The governor didn’t call a leaders’ meeting for most of the summer. Now, he appears to be hoping that the downgrade will move people off the mark. Don’t bet on it.
*** UPDATE 1 *** The two Republican legislative leaders have released a joint statement that attempts to avoid any blame…
“When the Democrats adjourned the special session on pensions two weeks ago, we stood together and said we should not leave Springfield until we pass comprehensive pension reform to address our crisis. We continue to be ready to address the problem, armed with ideas and solutions that could work. We cannot wait until after the election, or even after the Governor’s grassroots’ tour. The time for action is now. S & P’s downgrade today cited our ‘lack of action on reform measures’. This is a clear signal that we must work on a comprehensive bill that solves our pension problem—not a piecemeal approach. The blame game must end, let’s get to work.”

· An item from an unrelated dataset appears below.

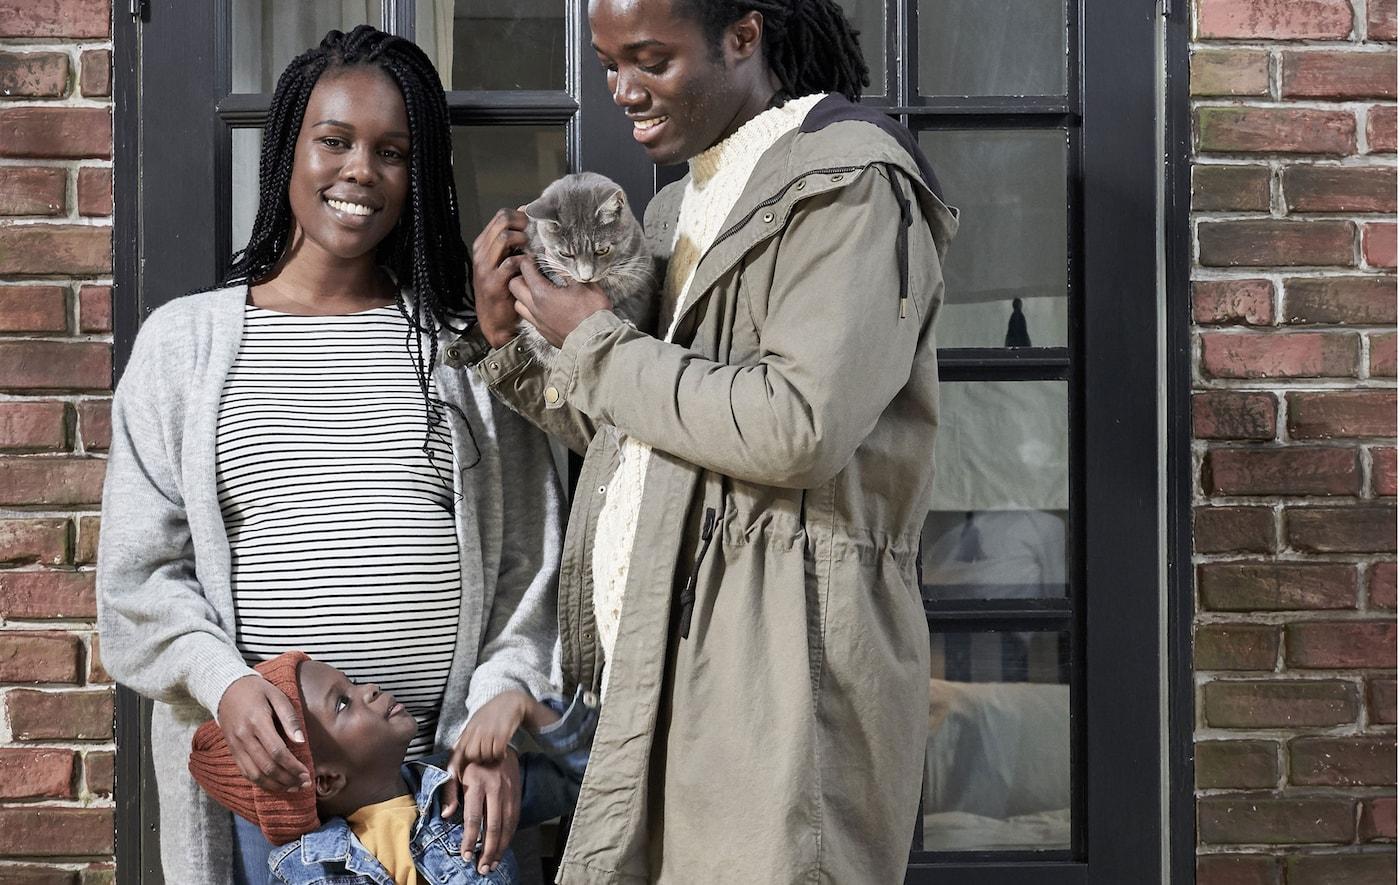 رجل في أواخر العشرينات يبتسم، وامرأة حامل أمام جدار من الطوب، وصبي صغير في المنتصف؛ الرجل يحمل قطة.
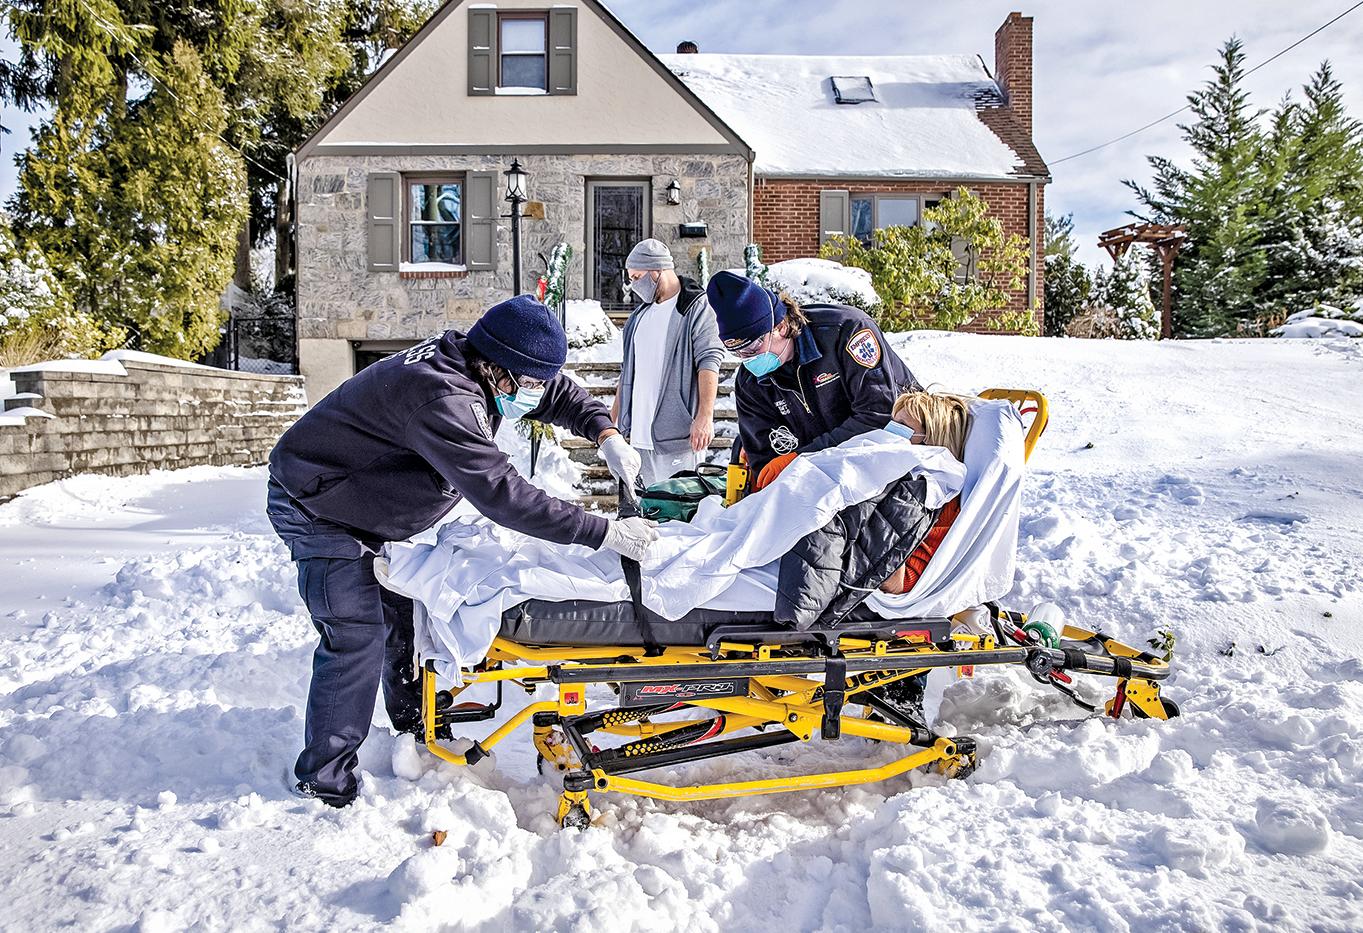 美國大選日之後,中共病毒新患病人數和死亡人數都大幅增長。圖為12月17日,紐約揚克斯市的急救員正將一名77歲的病毒確診女患者運往醫院。(Getty Images)

*** UPDATE 2 *** Our neighbor to the north kicks us while we’re down…
“There could not be a more stark contrast between Wisconsin and Illinois,” Walker said in a statement response to the rating. […]
“Political leaders in Illinois kicked the can down the road,” Walker said Wednesday, “raised taxes, and ignored fiscal realities. Now, they’re realizing the consequences of their actions: credit downgrades and negative outlooks.”
If taxes hadn’t been raised to Wisconsin-like levels, our fiscal problems would now be infinitely worse.
…Adding… The AP adds some context. Is Walker still upset over his recent thumping by Illinois?…
Walker has tried to use Illinois’ economic problems to lure businesses to his state. Last week, though, Illinois landed an aerospace company that Walker was courting.